You could get a simple solution from here by simply applying an heuristic, but what we're trying to do is minimize the total size of the table. Since m_1+...+m_n is fixed, this is the same as saying we want to minimize the sum of the e_i.

Every multi-column cell is a restriction upon this e_i. For example, a cell spanning columns 1 and 2, whose minimum width is 10 implies the restriction: m_1+e_1+m_2+e_2 >= 10. Since m_1 and m_2 are already known at this point, you can subtract them from 10 and obtain a new restriction e_1 + e_2 >= z (discard it if z <= 0).

This is a particular instance of a linear programming problem, which has many known algorithms. Since we're already bordering on overkill, I would use one of the simplest ones, like the Simplex Algorithm.

That's it. Do the same for rows and you're done. If you give me some time, I can sketch out some code in Python so you don't have to use any external libraries to solve the minimization part.

By the way, thanks for blogging about RST, it's been an interesting discovery. I've been coding an HTML converter in Python for my own simplified version of RST (though I probably wouldn't use it for any serious projects).

Saludos desde Córdoba.

Roberto Alsina / 2006-11-04 14:00:

Pablo: I remember implementing Simplex in Basic 16 years ago, but I have completely forgotten it.

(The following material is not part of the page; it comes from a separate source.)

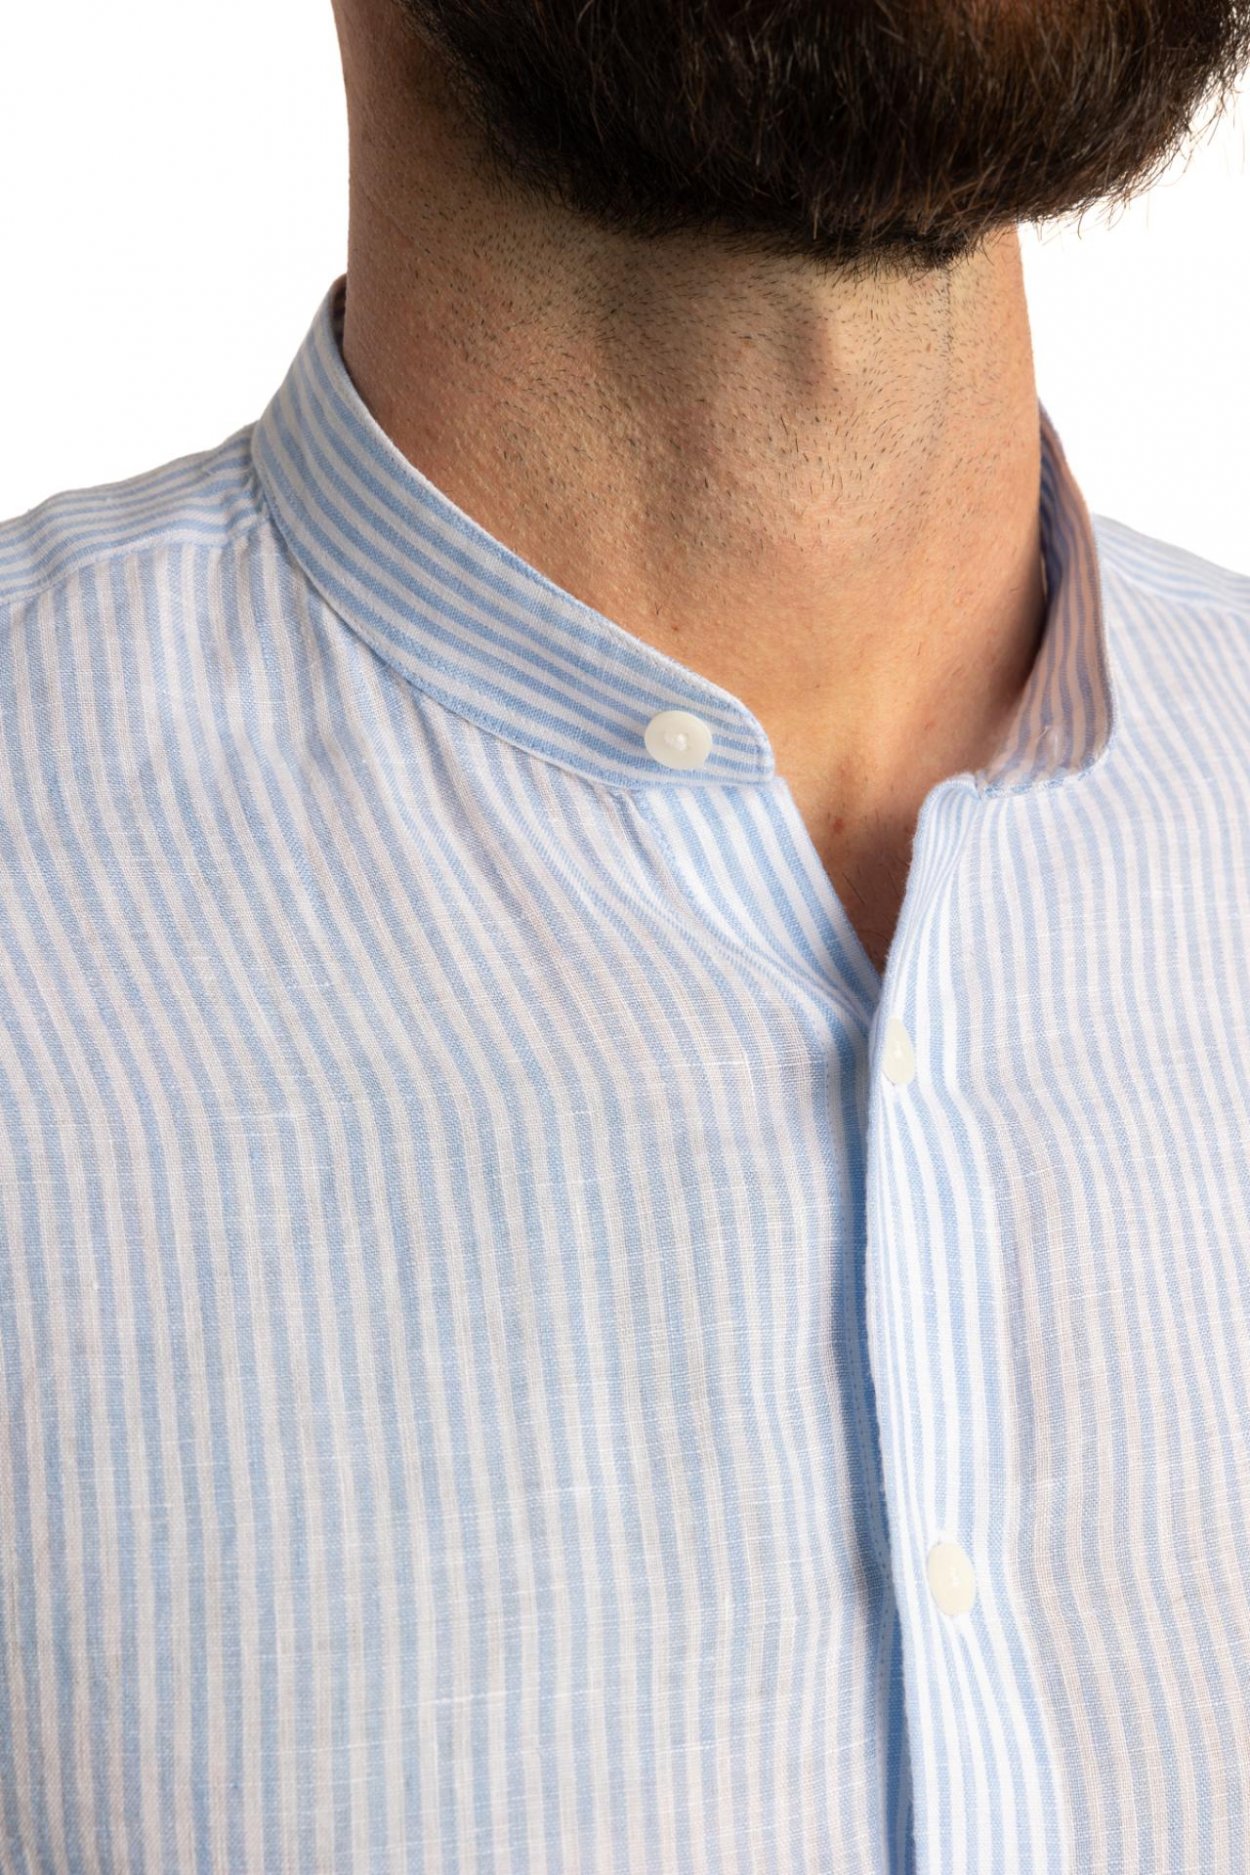 Pánská modrobílá lněná košile s proužkem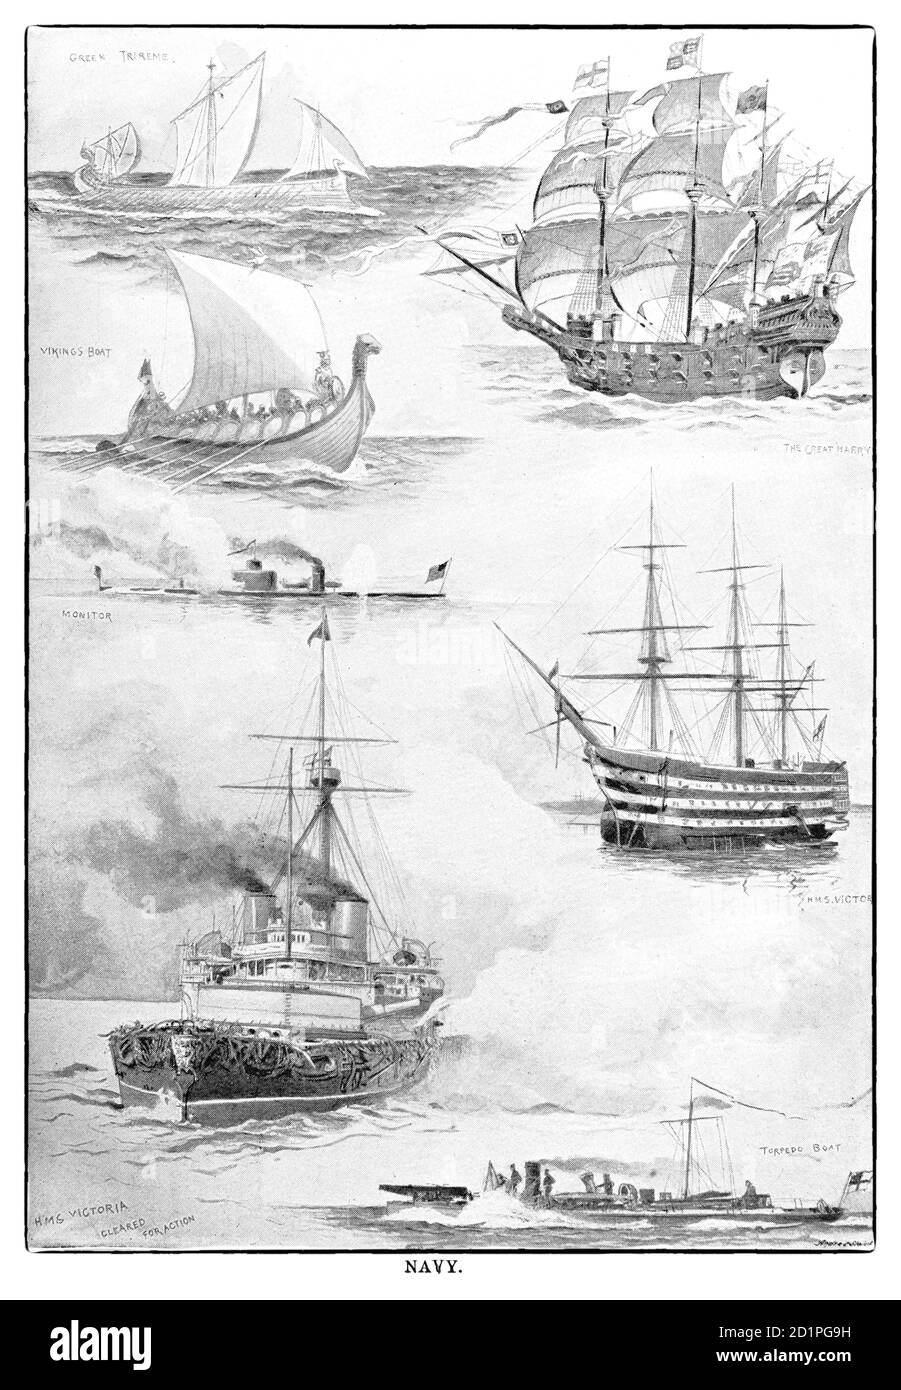 Carte de la fin du XIXe siècle illustrant divers navires de guerre, des triremes grecs à partir de 500BCE, jusqu'aux navires revêtus de fer de fer à repasser de la fin du XIXe siècle. Banque D'Images

So yeah, a linear programming solution looks like a winner.

Now, if you can hack up some code, that would be coolest :-)

Roberto Alsina / 2006-11-04 14:25:

I think I can try it using this:

http://mail.python.org/pipe...

The syntax is nice and simple enough.

Roberto Alsina / 2006-11-04 15:17:

Newsflash: of course this is a MIP (integer values needed :-) so it's a much harder problem.

lp_solve seems to handle those and has a python module.

Pablo / 2006-11-04 20:16:

Oh, I missed that bit. I guess you have to use an external lib, then.

However, if you still want to use the previous algorithm, you can obtain a valid and pretty-close-to-optimal solution by rounding up the results for each row and column after running the Simplex.